If you love a man, then the child from him will be the most beloved, the most long-awaited. Then a little person will appear in your life, closer and dearer than whom you will no longer have. Children are the flowers of life, and this should not be forgotten.

Even if you are confident in him, in your gentleman, do not build castles in the air. It is best to always rely only on yourself. Based on your strengths and capabilities. If the child's father helps, then great. If it doesn’t, it’s okay, I’m sure that you yourself will cope in the best possible way.

Give all your love to the little person who truly deserves it. Direct all your strength and efforts to raise a worthy, honest, smart and intelligent person.

I am sure that you will be happy regardless of the reaction of the child's father. Remember that you are a strong and confident woman. You are definitely capable of handling anything. I hope my article helped you understand the situation a little.
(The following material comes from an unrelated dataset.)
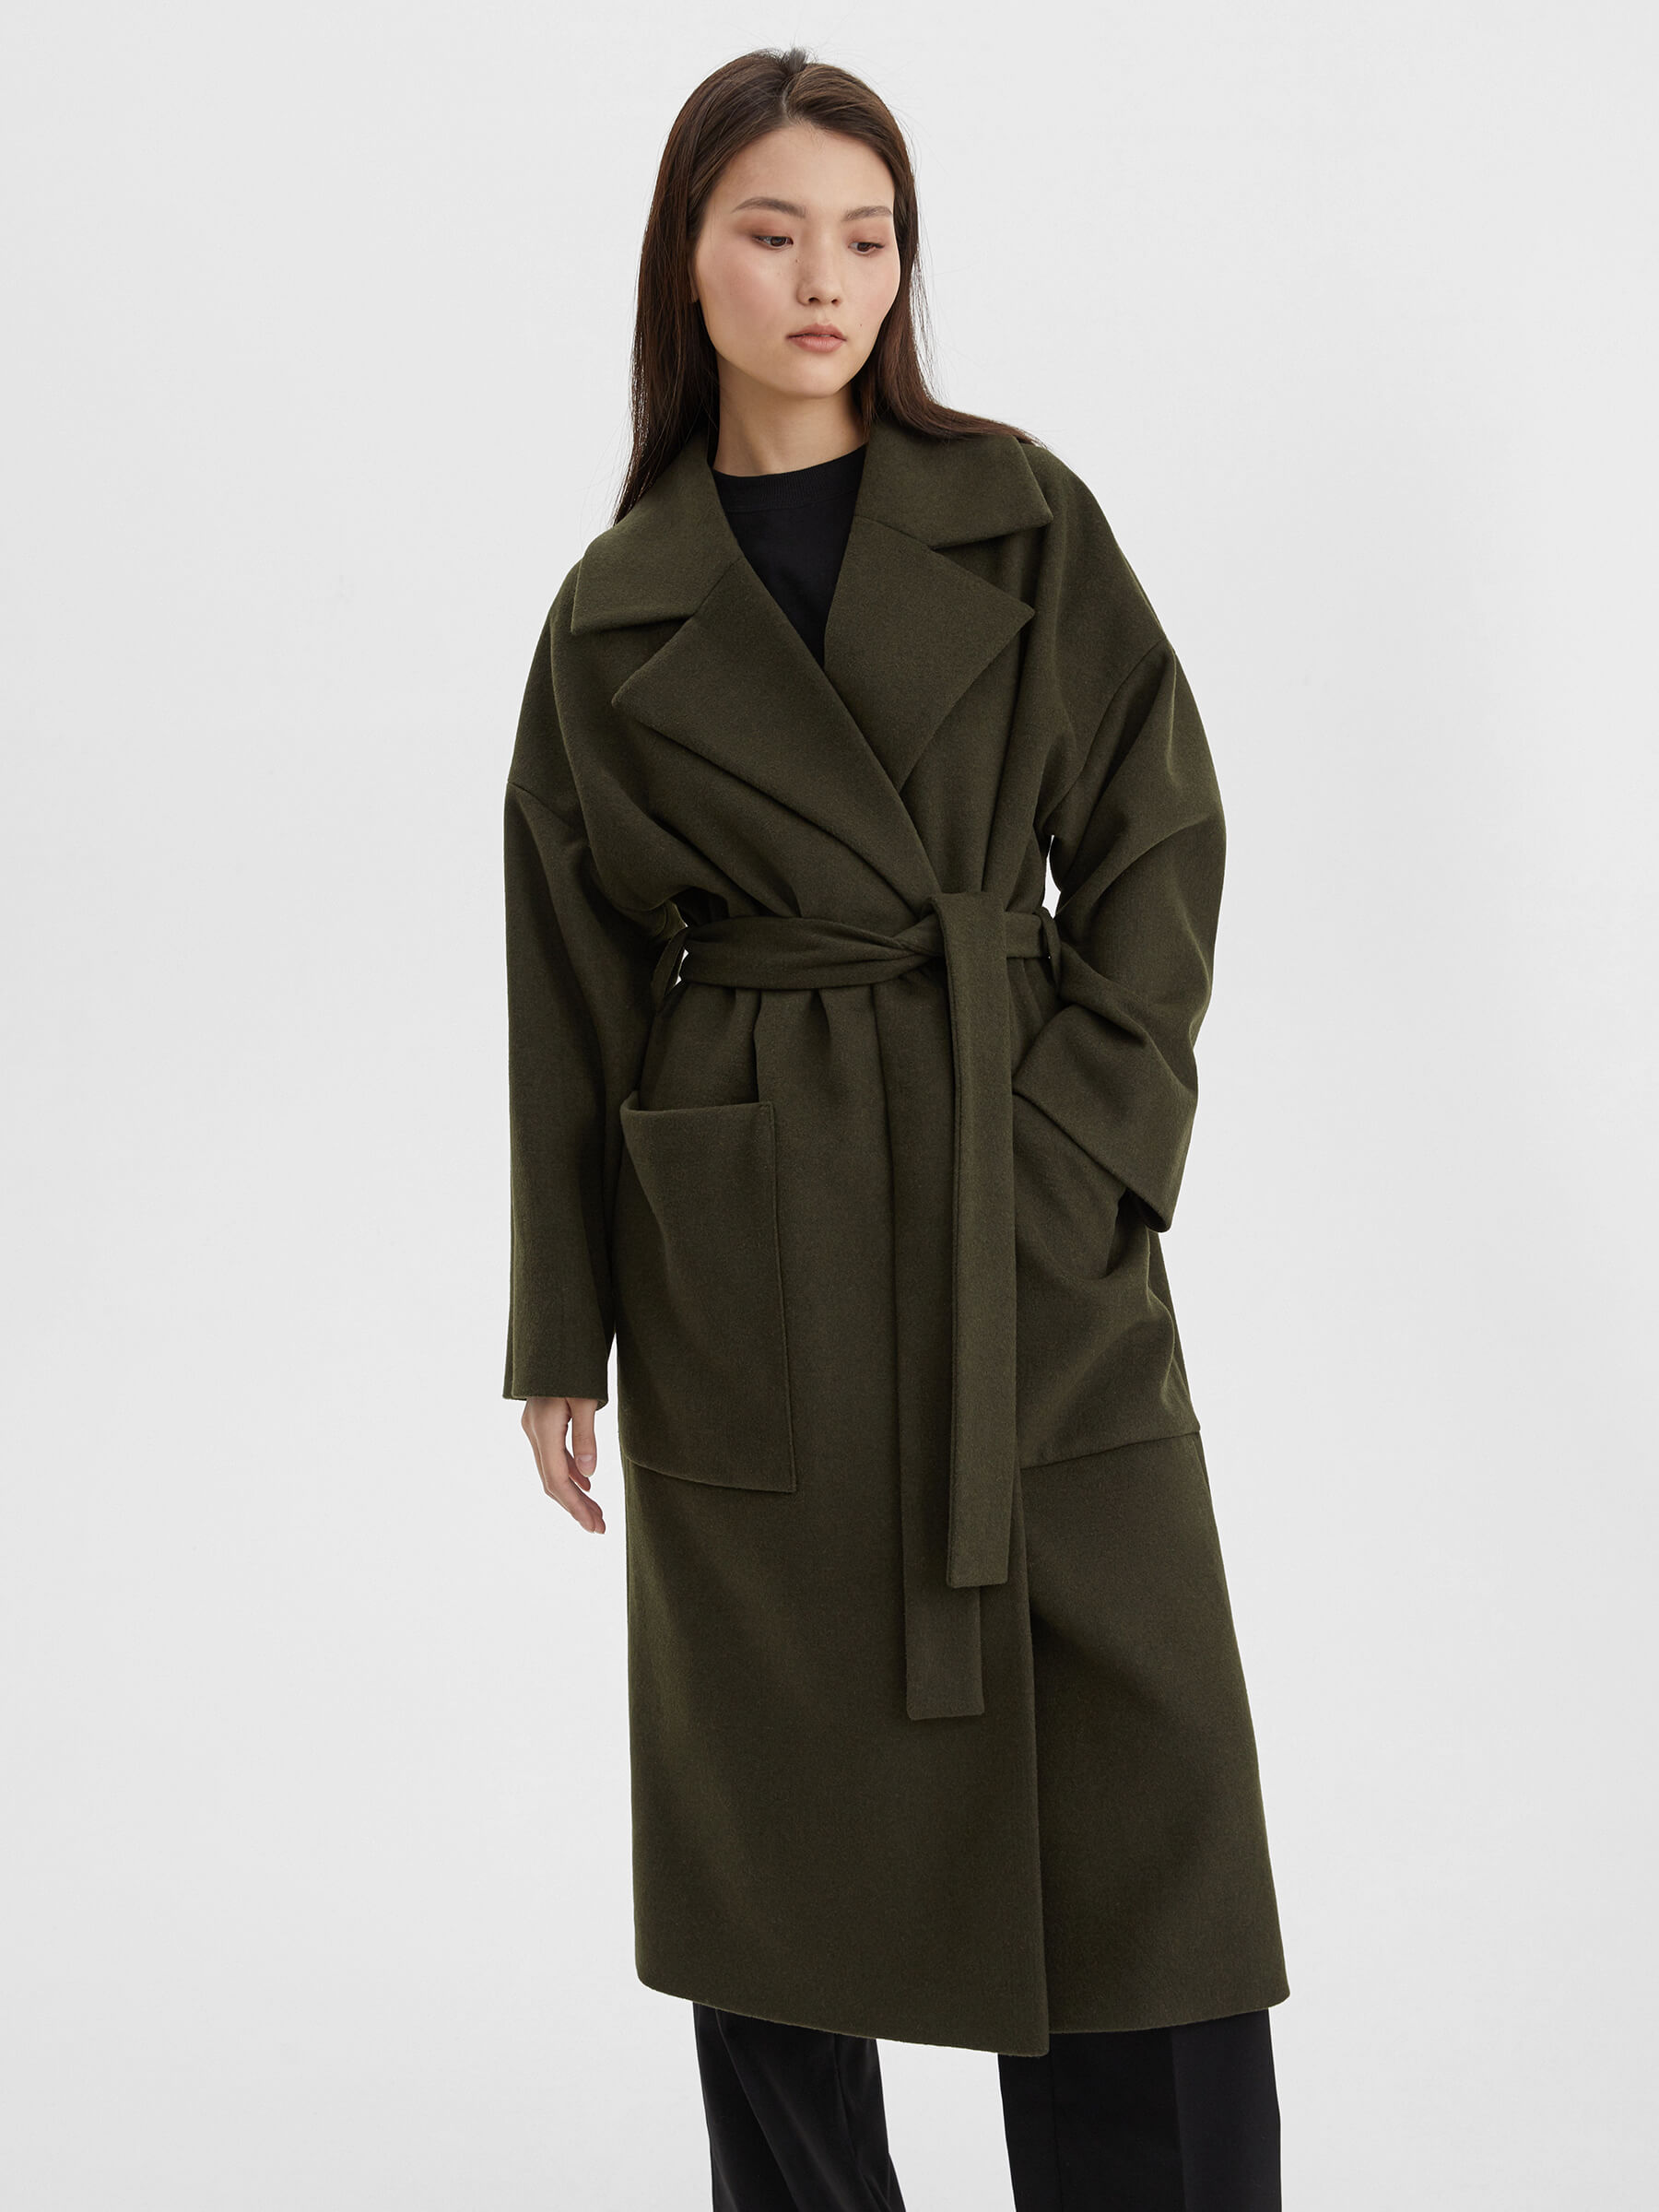 женское хлопковое пальто с большим меховым воротником свободного покроя средней длины m289 Пальто женское длинное с объемными карманами и поясом, цвет – хаки
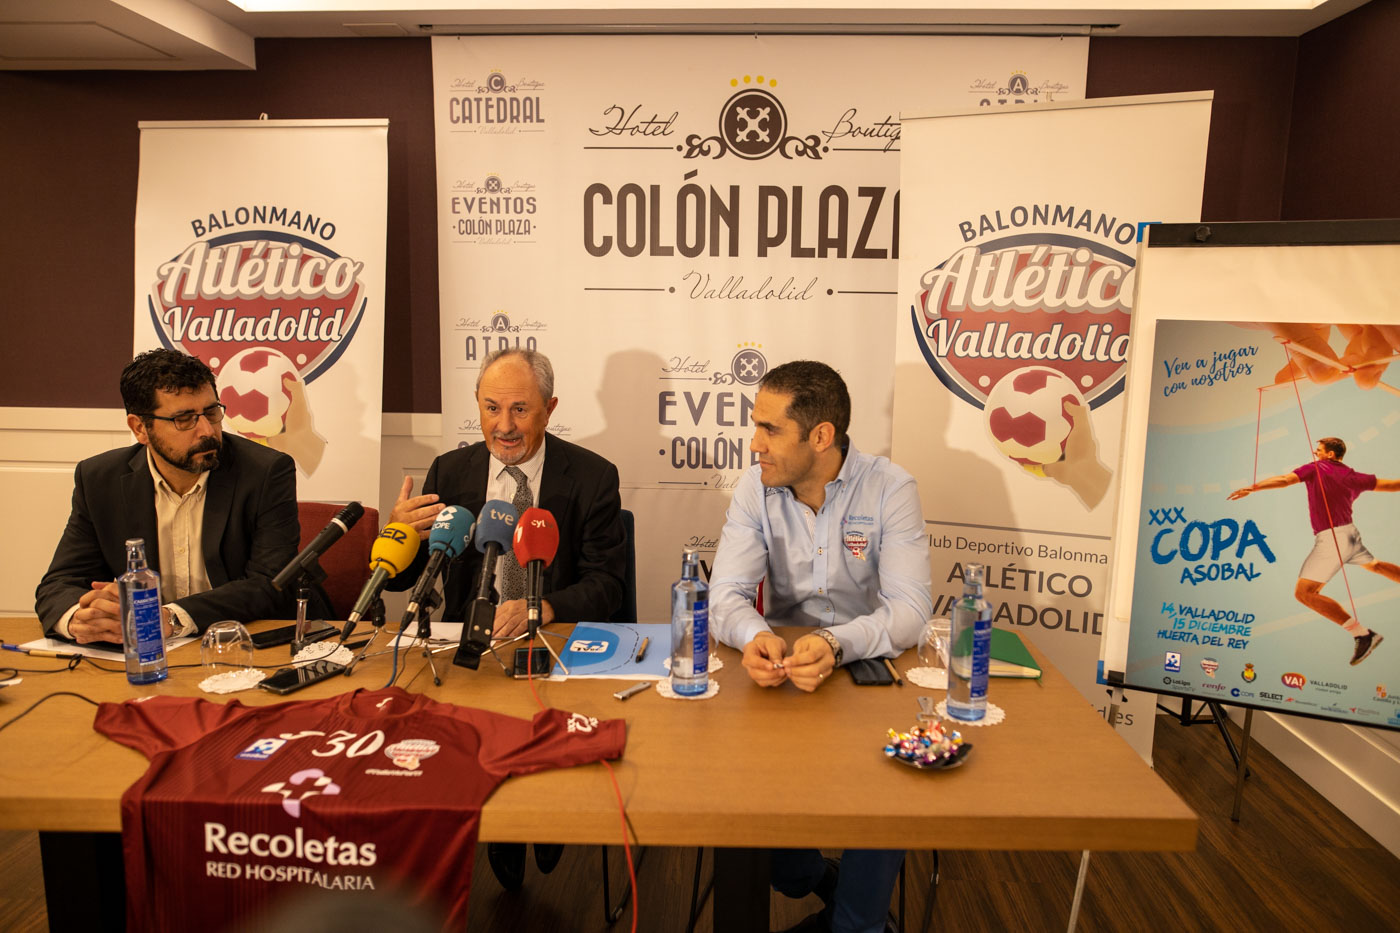 La Copa ASOBAL de Valladolid se pone en marcha | Galería 4 / 8

Good luck to you and your baby!

Have you entered into a love relationship with a married man? Then you are definitely in an unenviable position. Especially if you find yourself pregnant from this man. How to present this news to him? There are some tips to help both you and your lover cope with the situation.

Seriousness

Since the topic is serious, it needs to be spoken seriously. Without feigned joy or grief. In an even and calm tone in a private setting. And, of course, only in person. There is no need to write messages on this topic. Remember that your man is not free, and someone from his family may accidentally discover the message. Tell your lover that you are in a difficult situation. You are like a couple, not you alone. After all, he also took part in the conception. Do not blame the man for anything, nor do you blame yourself. Just state the fact, and then ask about the prospects for the future. Not only in terms of your relationship, but also in terms of your future child.

Set yourself up correctly

Practice your speech at home. And prepare yourself for the fact that your news may not be so pleasant for your partner. You must be prepared for this, because, according to statistics, a very small percentage of married men leave for their mistress because the latter is pregnant. Set yourself the task not to take a man away from the family, but to prepare him for. Regardless of whether a man is with you or not, this does not relieve him of parental responsibilities. Report this in a dry, official tone, without unnecessary emotions or hysteria.

Without emotionality

Try to keep your emotions under control. If you have the courage to start a relationship with a married man, you should have the courage to talk about pregnancy. It is advisable that the conversation take place in a place where no one can overhear you. Firstly, extra eyes and ears are not needed in such a conversation. Secondly, it is not in your interests for anyone to find out that you are dating a married man and expecting a child from him.

If a man has expressed a sharply negative opinion about his future fatherhood, you should not put pressure on him. Leave him alone for a while so he can think things over. Do not intrude, do not catch your eye if possible. This will give him time to decide everything on his own. There is also no point in delaying further plans too much. After a week, try contacting again. If his decision is unchanged, find the courage to solve your situation yourself.